Customer centricity is a definite indicator of profitability. Period.
Here are a few more reasons to substantiate the claim:
Focus on customer experience helps in increasing profitability through three means: customer retention, customer referrals, and customer development.
A laser-sharp focus on customer experience leads to happier customers who will want to stay with you longer and buy more. Such loyal customers, in turn, not only recommend you to friends and folks but also insist that the friends do business with you. As Jeff Bezos says,
“If you do build a great experience, customers tell each other about that. Word of mouth is very powerful.”
Once you have a loyal customer base, competitors find it very difficult to lure your customer away from you. Such customers will also be less price sensitive. In other words, once they are confident of your service levels, they will be ready to spend more on you. Hence, it is also much easier to sell to such customers.
Providing a fantastic overall customer experience is the new marketing. With the digitally connected world that we live in, a good customer experience can result in thousands of potential new relationships. However, a negative customer experience can lead to far greater harm than the good ones. Here is a quote from Jeff Bezos again
“If you make customers unhappy in the physical world, they might each tell six friends. If you make customers unhappy on the Internet, they can each tell 6,000.”
A case in point is Zappos, which is widely considered as one of the most customer-centric companies in the world. Tony Hsieh built a billion-dollar company by hardly investing anything in traditional marketing. In his own words, “Our business is based on repeat customers and word of mouth. There’s a lot of value in building up our brand name and what it stands for. We view the money that we spend on customer service as marketing money that improves our brand.”
Once you have the customer at the heart of your business, you know his wants and needs and you build your processes around the same. This also means that you scrap out all the processes that don’t add any value to the customer experience, thus reducing costs.
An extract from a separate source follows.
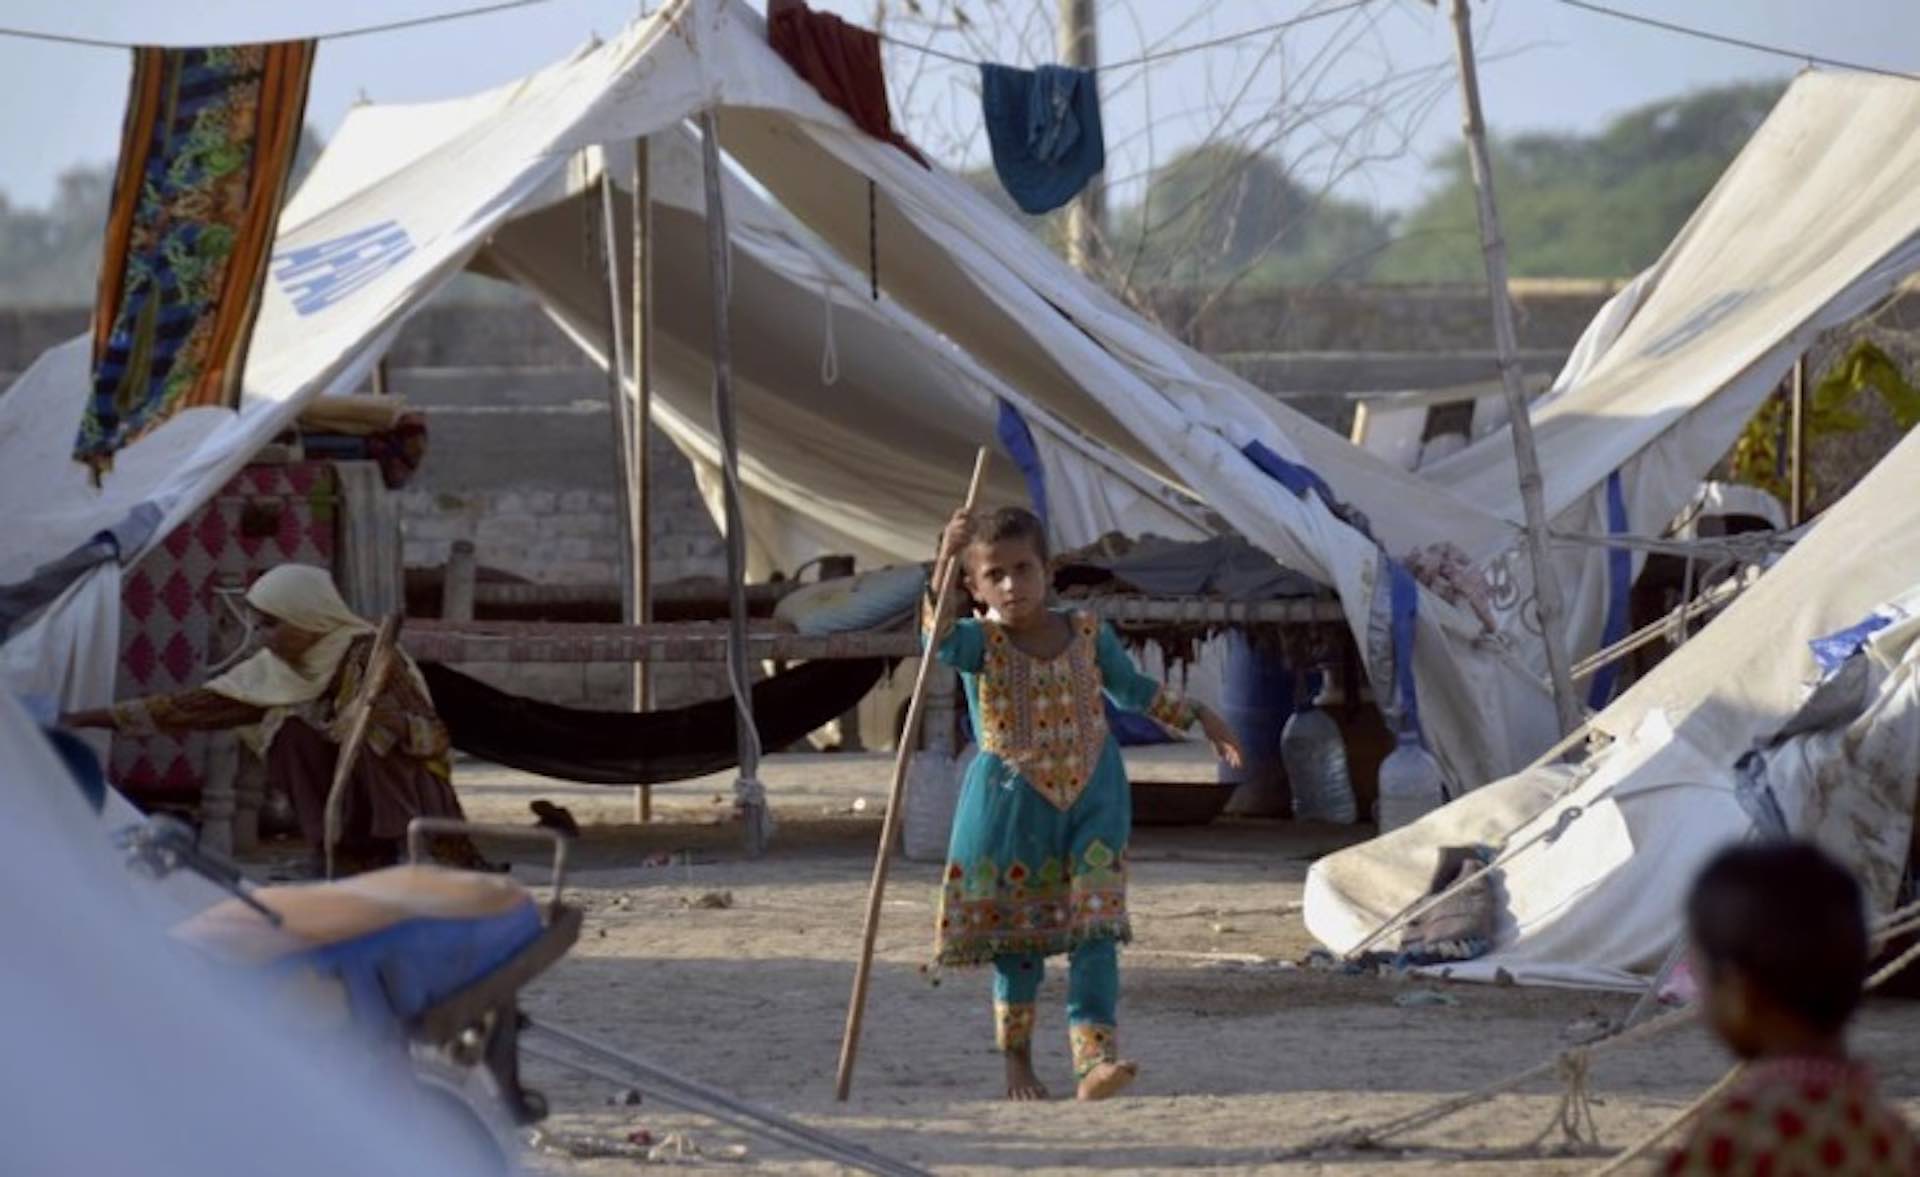 Pakistan flood victims face food crisis - UN

On top of this, with a focus on delivering customer delight, you tend to have fewer unhappy customers who would complain and whine over every little thing and increase your cost of serving them.
Although it is said that happier employees create happier customers, the reverse is also true. If a business is just focused on meeting its targets without caring much about the experience of their acquired customers, everyone in the organisation would be driven towards acquiring new customers. Even the customer service people will be expected to push more sales when customers reach for support. I am sure we have all been on those customer service calls where instead of focussing on resolving our problem the service agent would soon switch to selling an add-on or something. These practices obviously create super unhappy customers that ultimately increases the number of complaints, employee churn, and operational costs!
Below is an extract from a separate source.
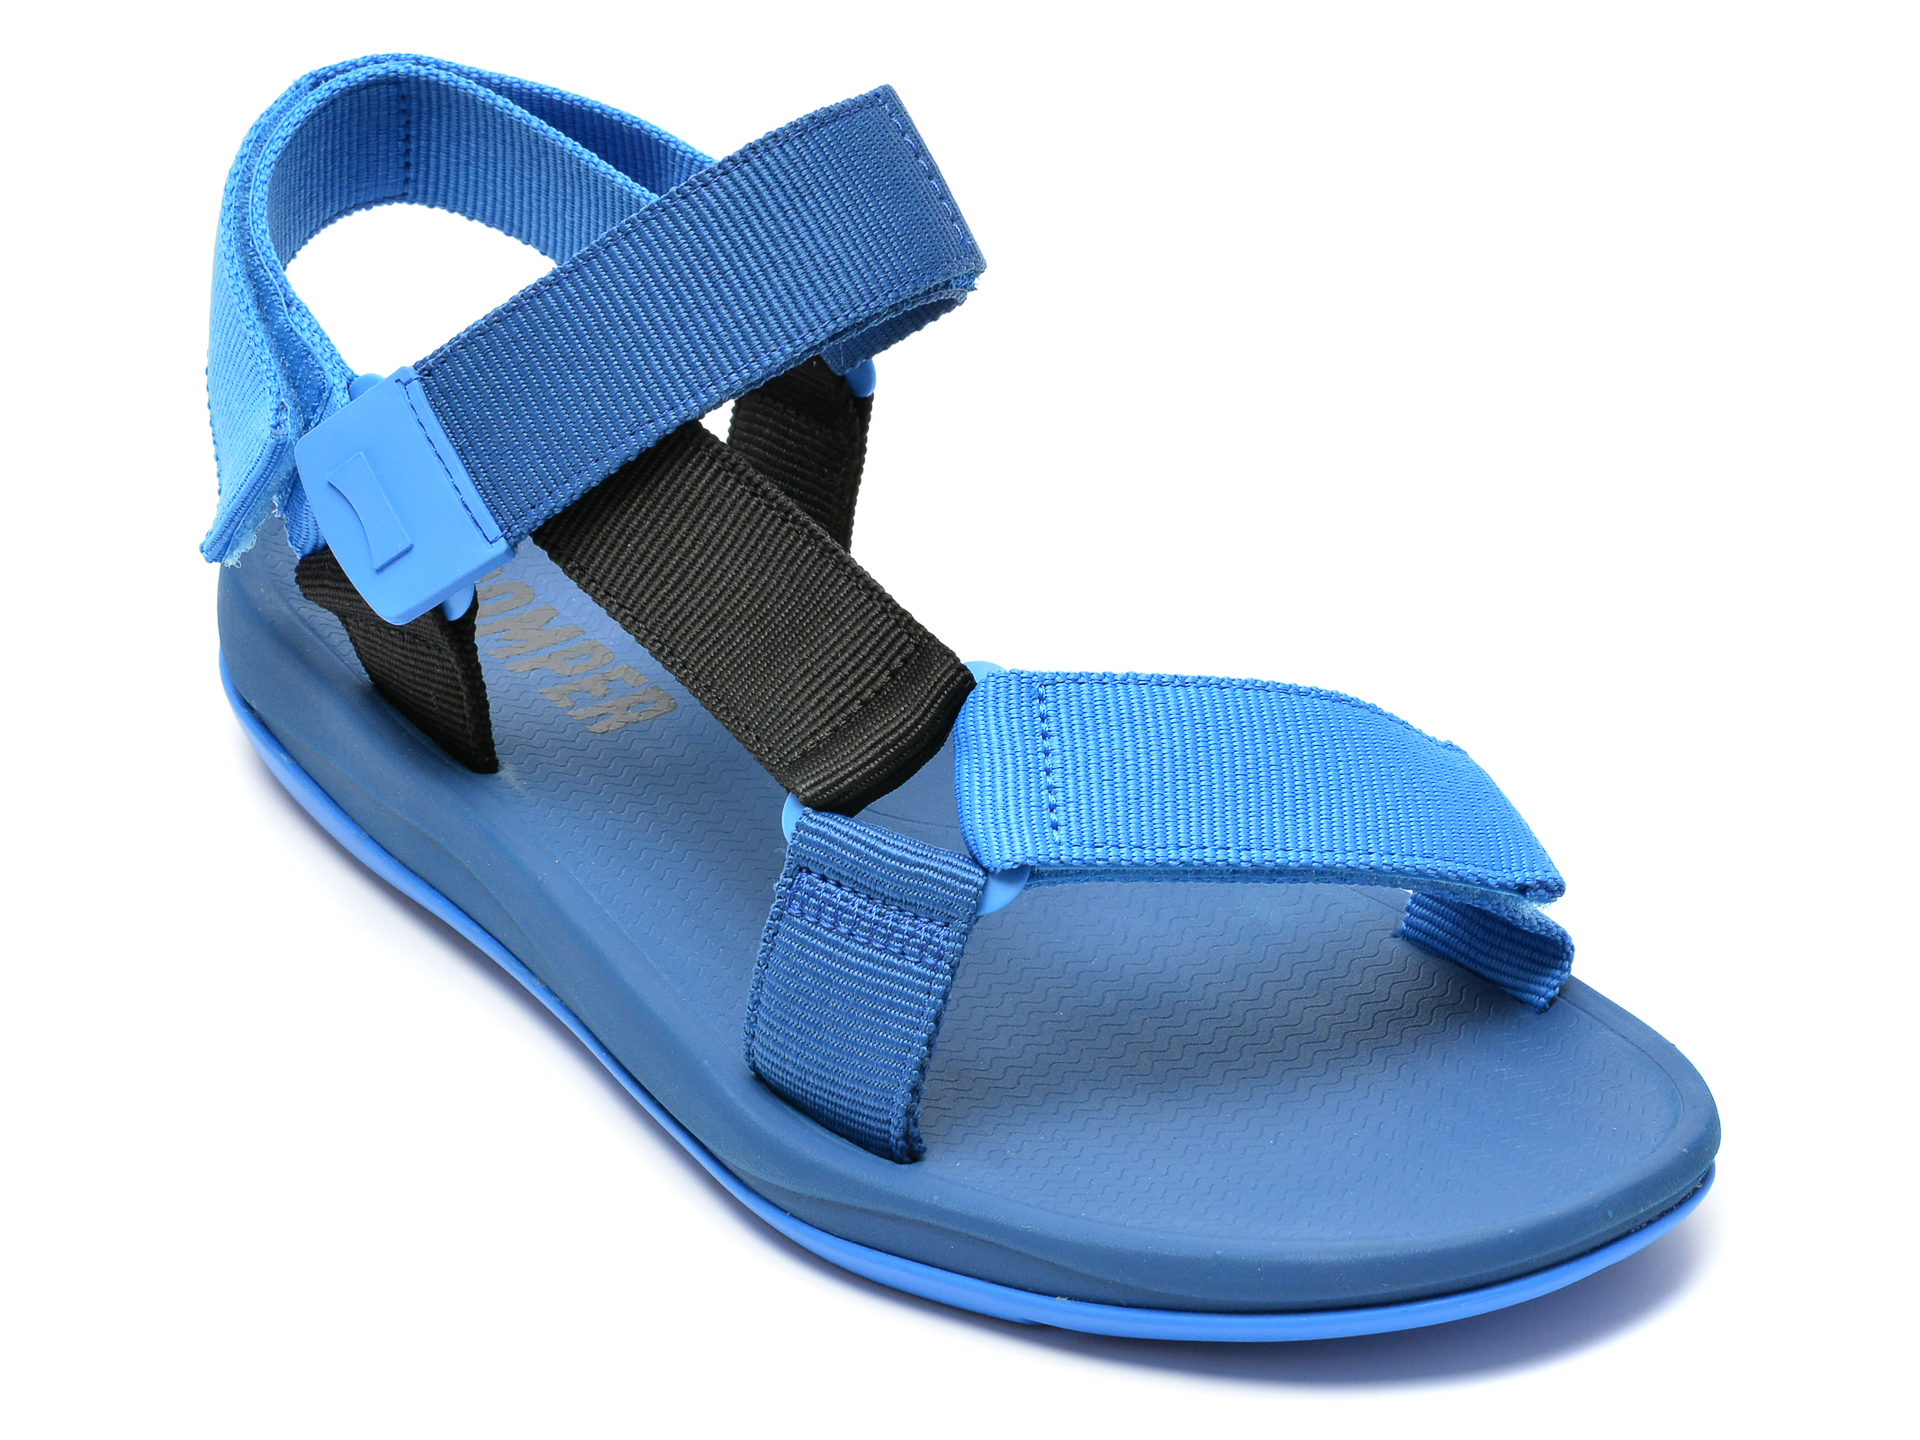 Sandale CAMPER albastre, K100539, din material textil imagine reduceri black friday 2021 Camper

Though some customer-centric decisions may seem costly to the organisation, they will turn out to be profitable in the long run.
Very recently, we heard the CEO of Microsoft, Satya Nadella come up with this absolute gem,”We no longer talk about the lagging indicators of success, right, which is revenue, profit. What are the leading indicators of success? Customer love.”
Microsoft is clearly changing its strategies to adapt to the customers, making them happier and rekindling the lost love. Under his leadership, Microsoft released the Windows 10, a free upgrade for customers who owned a valid Windows 7 or 8 license. The hapless users of Windows 8 breathed a sigh of relief and the response to this new version was immensely positive. Windows 10 ensured that customers who own a Windows Phone, a PC and an XBox will be able to work seamlessly and cohesively across all their devices. Though the free upgrade may have cost Microsoft in terms of its revenue, I believe the ‘customer love’ it earned will help Microsoft book long term profits!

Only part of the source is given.